May 15, 2020
1. Government begins fourth phase of obligatory social isolation
Through Decree 459/2020, the government made its extension of the mandatory preventative social isolation official through May 24th, ushering in the fourth phase of “progressive reopening.” The measure permits governors to make their own exceptions to the quarantine in municipalities with up to 500,000 people. In the case of municipalities with a population exceeding 500,000 – as long as it is outside the Buenos Aires metropolitan area – governors can include new exceptions to the quarantine with prior national government approval, aside from the list of pre-approved activities that do not require additional permissions. In the Buenos Aires metropolitan area on the other hand, local authorities must request new exceptions from the Chief of Staff, who will conduct an epidemiological risk analysis alongside the Ministry of Health.
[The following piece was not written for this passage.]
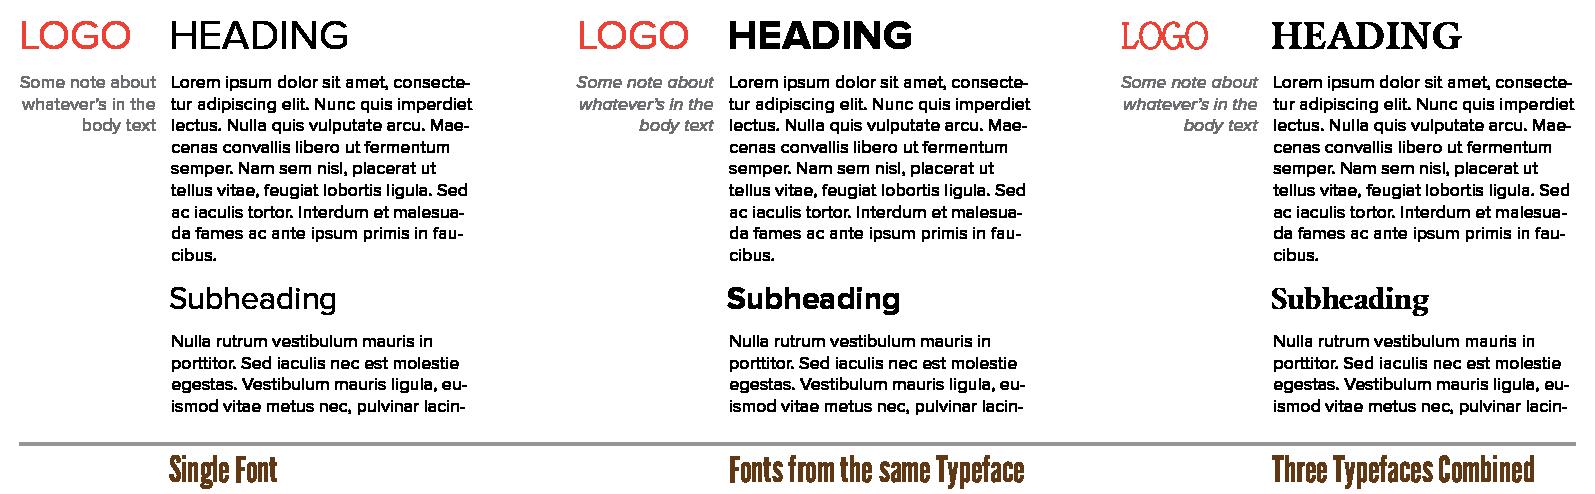 TypographyPickingTypefaces

2. Congress meets virtually for the first time in its history
Following an absence of two months, Congress convened virtually for the first time in its history. The Senate met first, presided over by Senate President and Vice President Cristina Fernández de Kirchner. The Senate approved 20 Decrees of Urgency and Necessity (DNU) submitted by the executive branch over the duration of the quarantine. The Chamber of Deputies began its session at 6PM, where they approved income tax relief for workers in healthcare, public security and the armed forces. In the upcoming sessions, the majority party will seek approval of a project that establishes a wealth tax, although it has not yet been presented to the legislature.
3. Government extends timeframe for external debt negotiations
Through Resolution 221/2020, the government extended the negotiation period for USD $503 million in external debt to May 22nd, the date where the grace period for repaying private creditors expires. With this extension, the government enters a critical phase as it tries to avoid defaulting on its obligations. Moreover, the government has the explicit support of the IMF to carry out negotiations.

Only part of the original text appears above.